The experts told the Treasury Select Committee that landlords will face a stark choice between increasing rents further to try to break even or selling up because they cannot cover mortgage costs following the latest Bank of England base rate rise.
Ray Boulger, the highly-respected senior technical director at broker John Charcol, said: “What we’re seeing now is criteria changes and we’re finding situations where clients are not able to proceed with the amount they originally planned to borrow because of criteria changes. It’s not all about rate, it’s rate and criteria, particularly stress test rates, they’ve been changed as a result of rates going up.”

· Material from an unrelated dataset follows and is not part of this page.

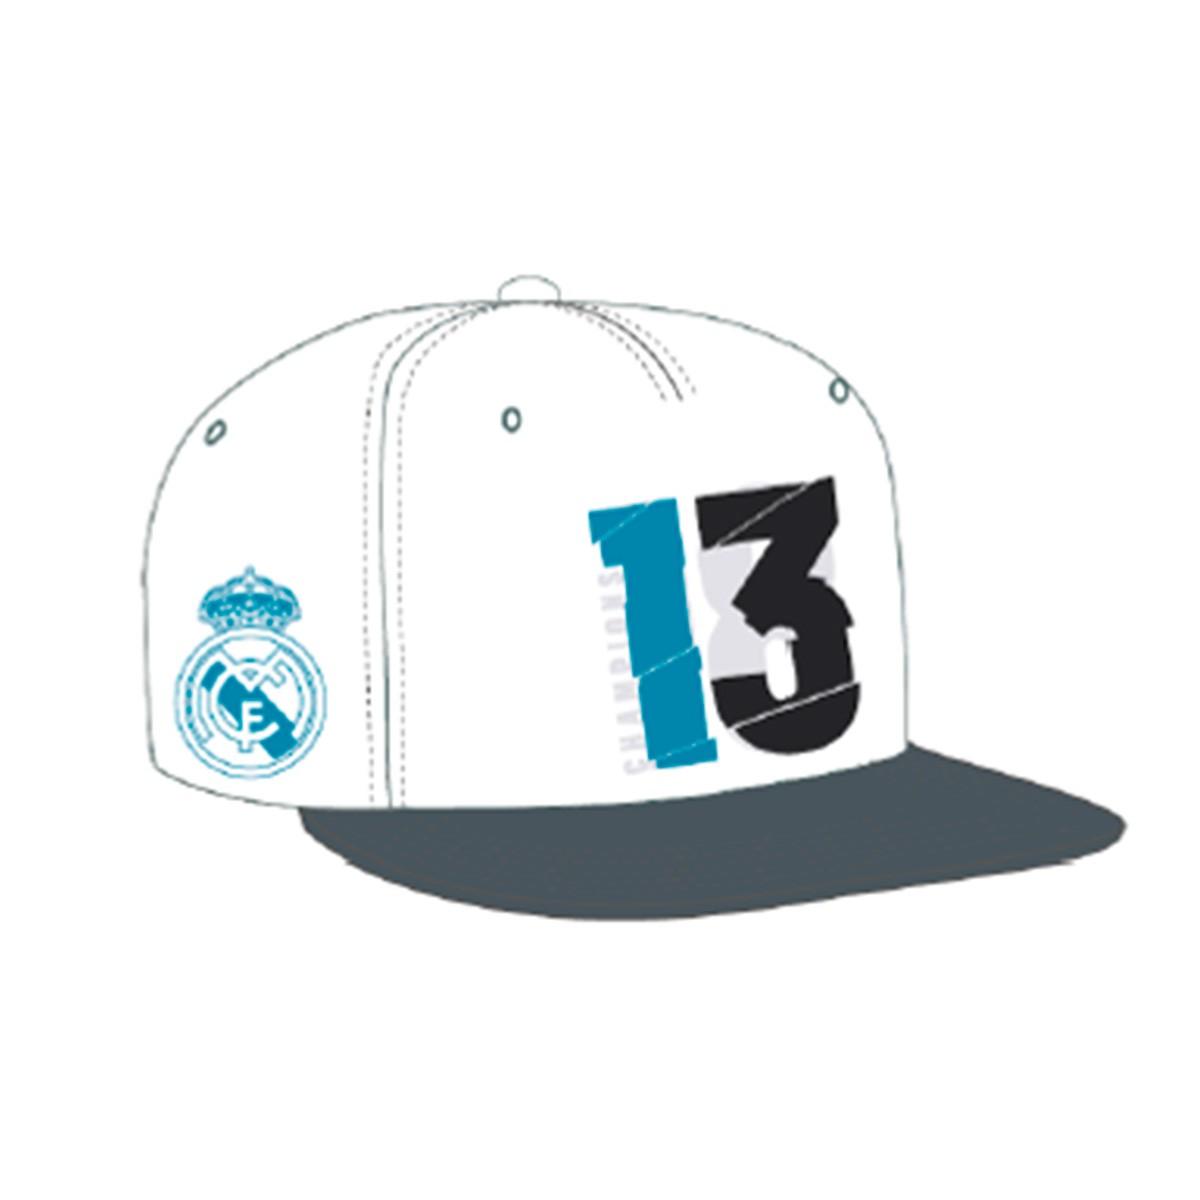 47242e73f04481 Gorra adidas Real Madrid 13 Campeón UCL 18 White - Tienda de fútbol Fútbol  Emotion

He continued: “When you factor in the other impact of energy price increases and cost of living increases that can have a significant impact on what people can borrow. If you need a mortgage and you need a loan-to-value [mortgage] anything above 50 or 60 peer cent, with the current stress rates it’s going to be very difficult.

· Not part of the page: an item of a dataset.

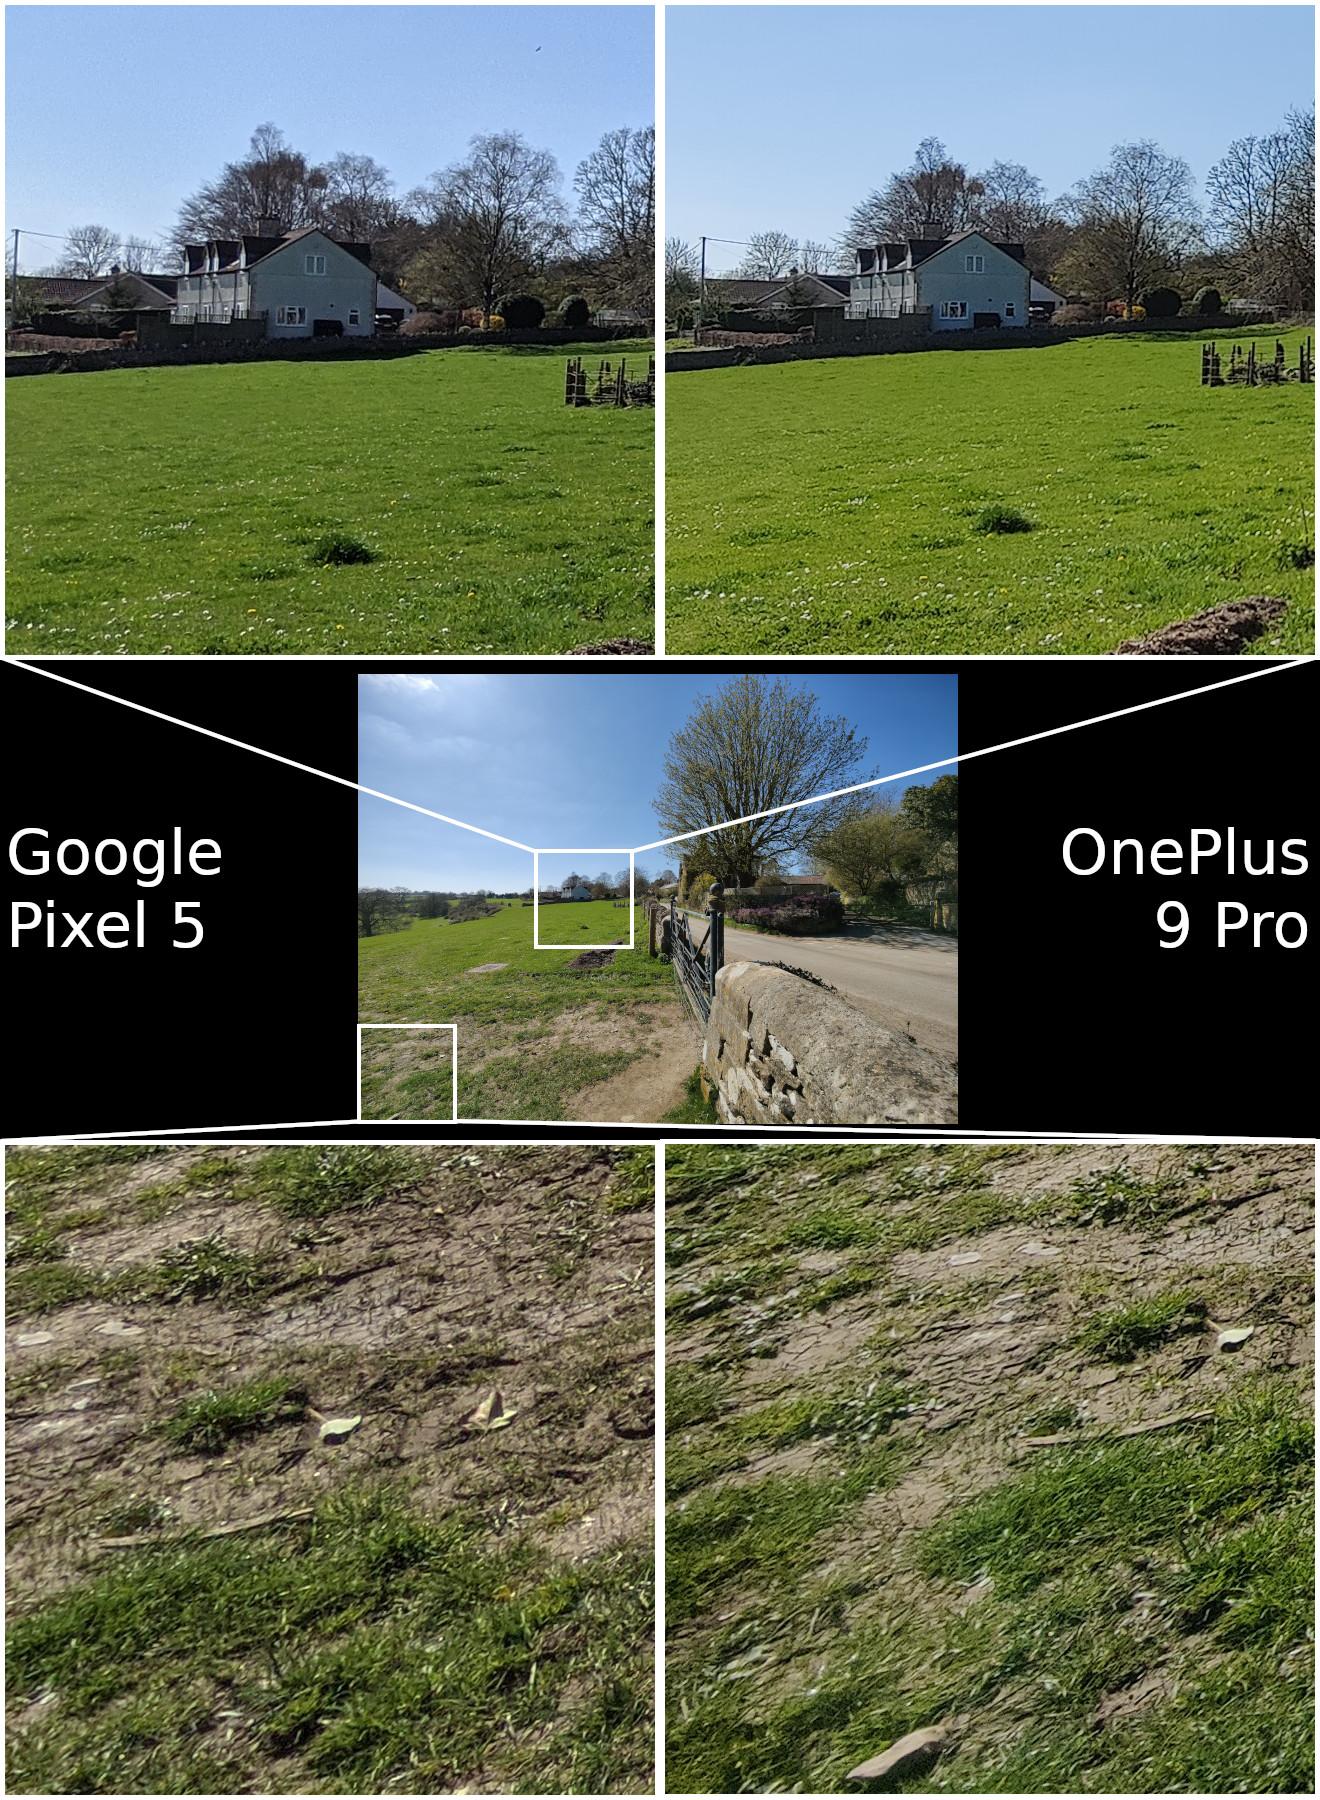 Google Pixel 5 vs OnePlus 9 Pro wide

“And the knock-on effect of that, combined with some existing landlords selling because of the more onerous tax regime and other regulatory requirements and higher mortgage rates I think is going to have a quite serious impact on the availability of rental property over the course of the next year or two.”
Charles Roe, director of mortgages at UK Finance – the trade body for mortgage lenders – told the committee how the disastrous mini-Budget in September had led to mortgage lenders withdrawing products to re-price them upwards.

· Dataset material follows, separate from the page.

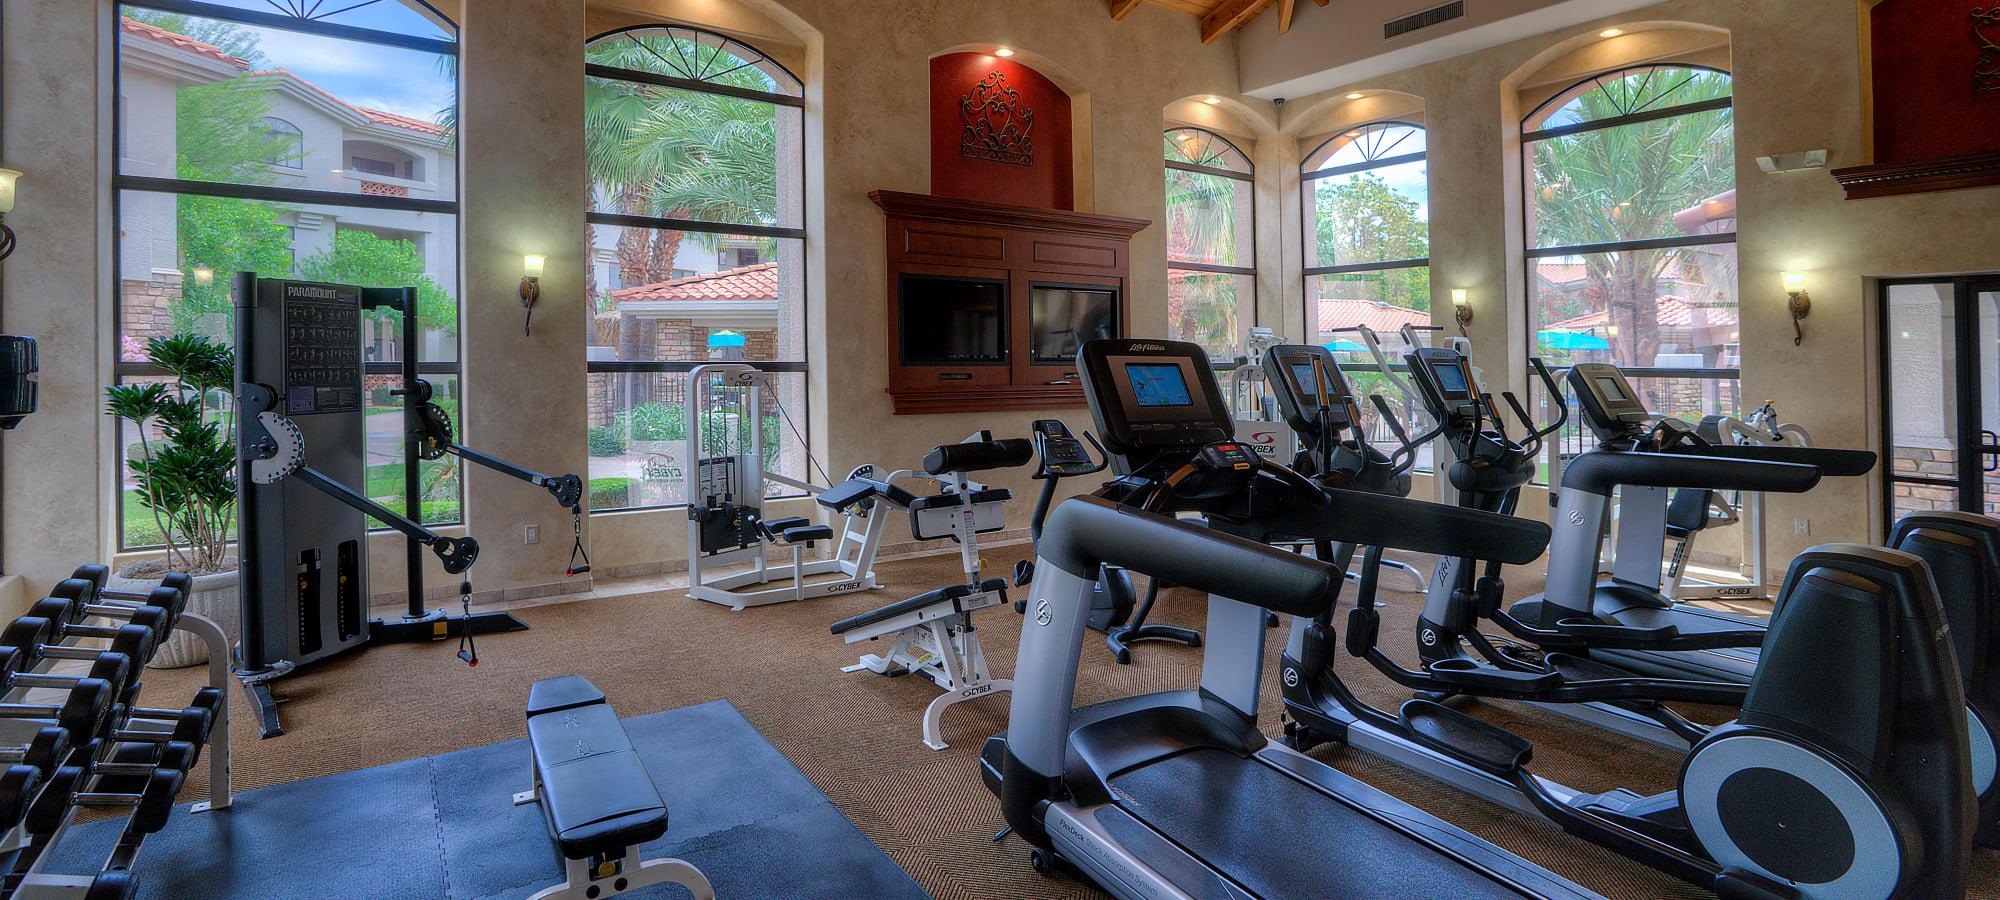 Fitness center at San Hacienda in Chandler, Arizona

“Products were available. But lenders were also dealing with a large number of phone calls and requests that came in from borrowers who were concerned about their finances, would they be able to re-mortgage.
“But throughout that period, lenders were offering follow-on products to those borrowers that came to the end of a fixed-rate product.”
“We’re seeing the markets return to much more stability over the course of the last two to three weeks. As a result of that, swap rates [key to determining mortgage interest rates] have come down and in turn lenders are reducing their mortgage rates.
“When the yield on long-term gilts, so the yield on five-year gilts, goes up, the swap curve goes up, and the cost of hedging a five-year fixed-rate mortgage goes up.”
Chris Rhodes, chief finance officer at Nationwide Building Society, commented to MPs: “It’s marginally profitable for new buy-to-let investors if not loss making to take on board a new property, so I think there are potentially implications there in the medium term for the sustainability of the buy to let market.”